The interview by Mr. Robert Adam Director of the Romanian Cultural Institute in Brussels further set the audience in the ethnic melting pot life in Transylvania of the author’s culturally and politically challenging novel; of a young boy’s story whose monologue carves out Romanian attitudes and beliefs with a soul-binding narrative that unfolded on every page. 

“I didn’t understand or realised I was growing up multiculturally until arriving to Bucharest. More precisely that happened after returning home from school … it was when everything appeared different to me”, said the author, “I even had a double foreign accent”, exclaimed in reference to the accents he ended absorbing from both: Romanians in Transylvania and those in Bucharest.

“I laughed when I heard my accent in a recording”, with a spark of nostalgia stressed the author further.

The Ages of the Game — Citadel Street (2012) is Florian’s work where he gives life to the memories of his childhood taking readers to 1973 multiethnic and multilingual Transylvania.

Next door, Emerich’s grandmother is particularly skilled whenever she drops by, promptly turning to German with Grandma, to Romanian with Grandpa, and to fiddling-faddling with me. The fact that Hungarian sounds as awkward as can be – the same goes for Saxon – is no reason why people shouldn’t get on together immediately, since everyone speaking all those tongues is equally apt, as are we all whenever we find ourselves in foreign company, to jump without respite up the common tricycle of Romanian, always at hand.

Weaving in and out of Florian’s story are both of the boy’s grandparents with his relatives living in Germany, and his parents between Bucharest and Iași. From uncles, aunts, neighbours, to the falcons chasing the mice, the different radios —one red and one black— speaking different important words about the Russians, Americans or the Vietnamese signs of maximum appreciation, we learn who is winning and who is loosing, and of the fate of the people in the labyrinthine road the boy’s family walk.

The languages that come together here let no one go away unenlightened. Any brief encounter in the street and any welcoming in a shared language brings up fresh knowledge as to the other person’s how-and-why.

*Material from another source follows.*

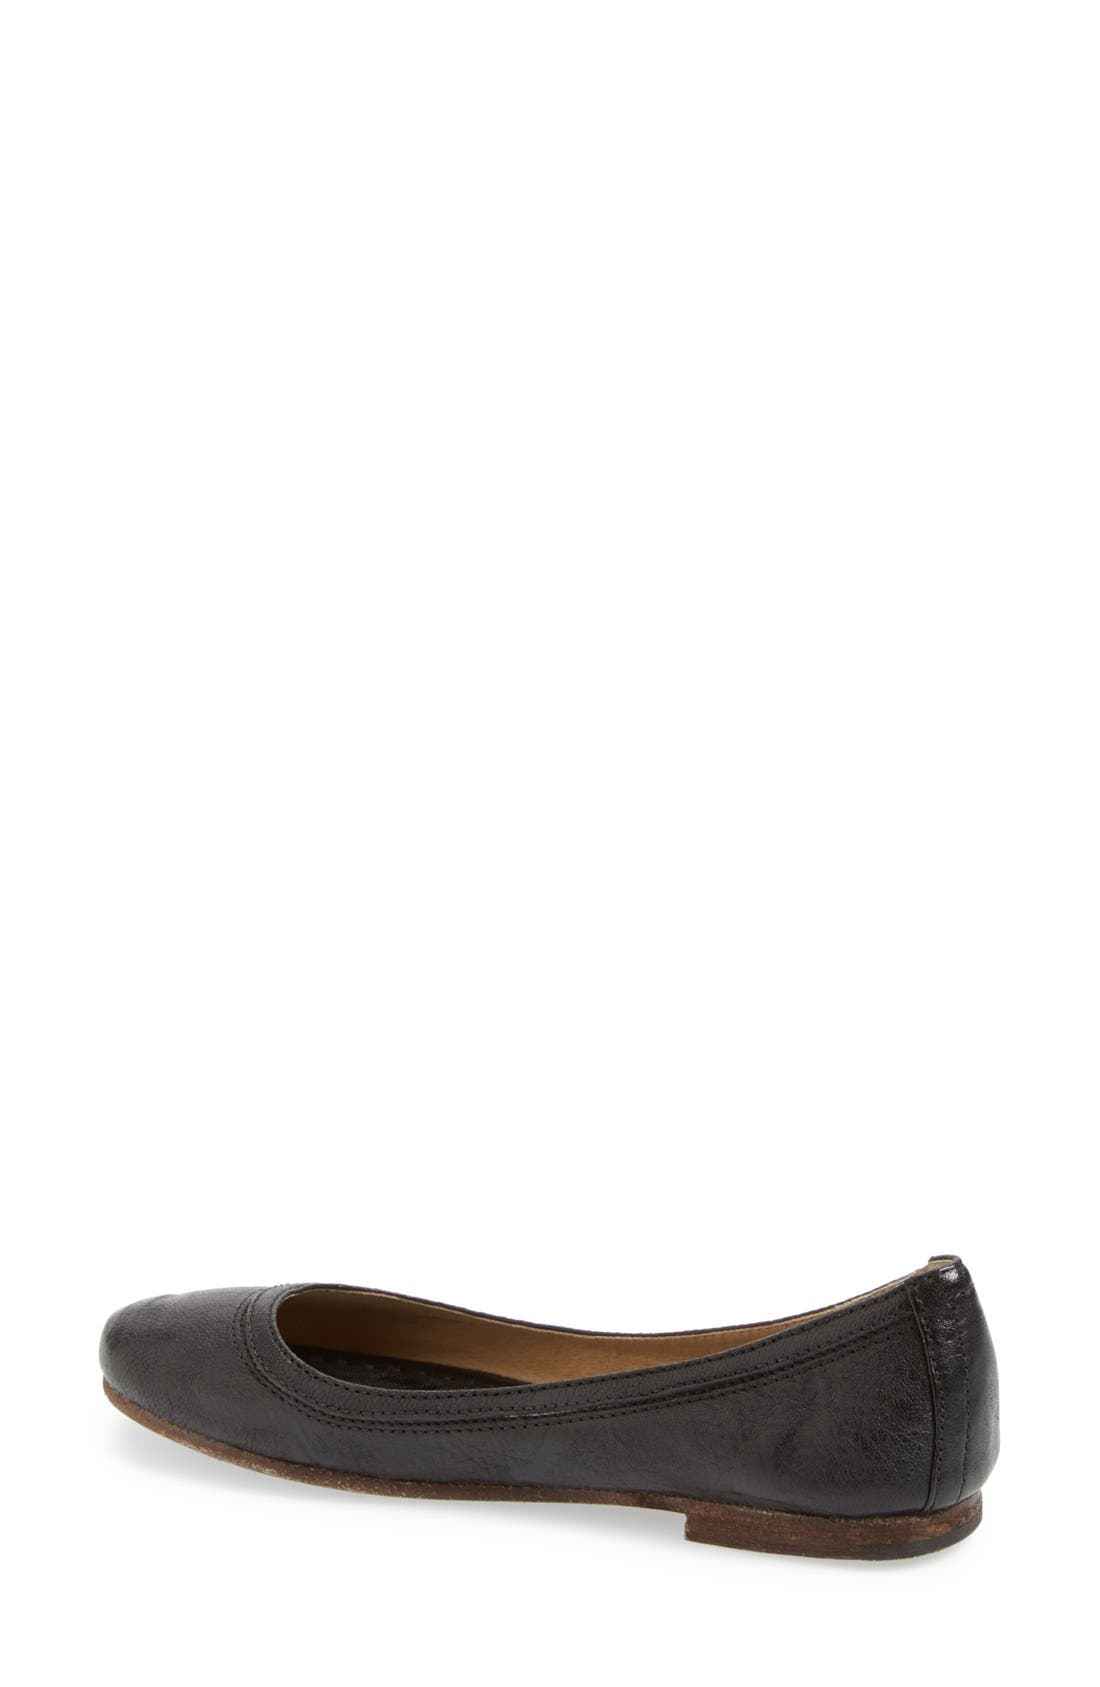 'Carson' Ballet Flat,                             Alternate thumbnail 2, color,                             Black/ Black Leather
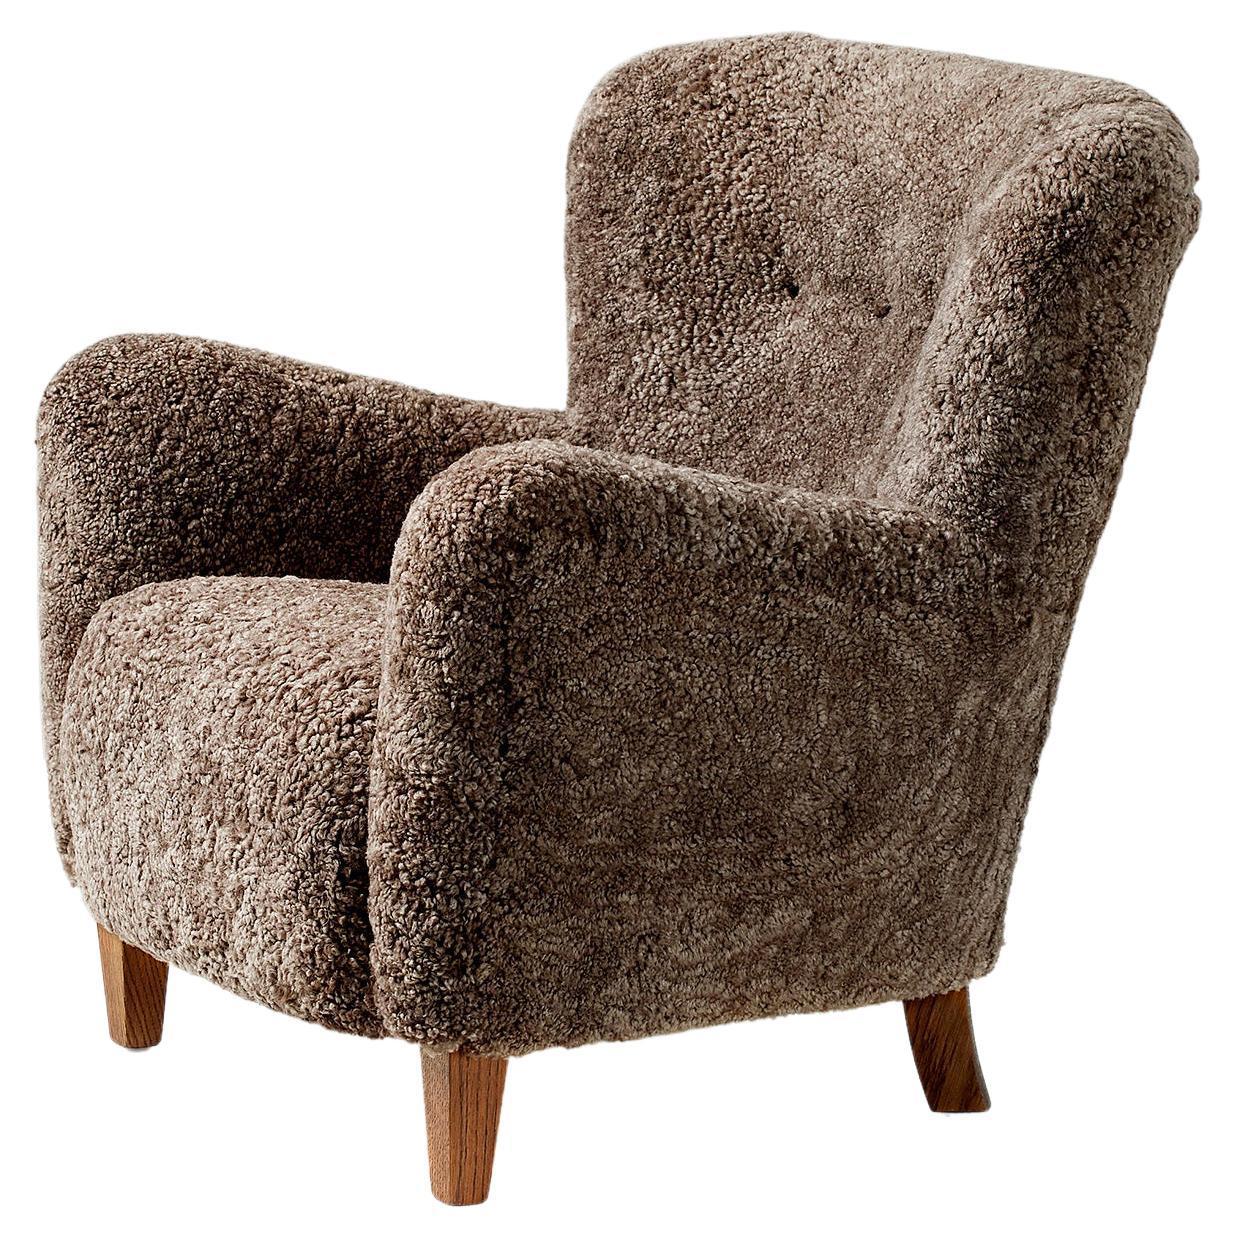 Custom Made 1940s Style Sheepskin Lounge Chair

Not everybody speaks German, nor Saxon, nor Hungarian, yet they all speak Romanian.

Last remarks from the author about that boy in Transilvania, were those of the different TV shows in Hungarian and German languages; the different religious preachers; and the feeling of belonging and of how everyone living in the Transylvania of those days knew they belong there.

There was a module for questions and answers before wrapping up the event where the audience enthusiastically asked the author about the political language stand of his work’s German translation to his mother’s role during those days.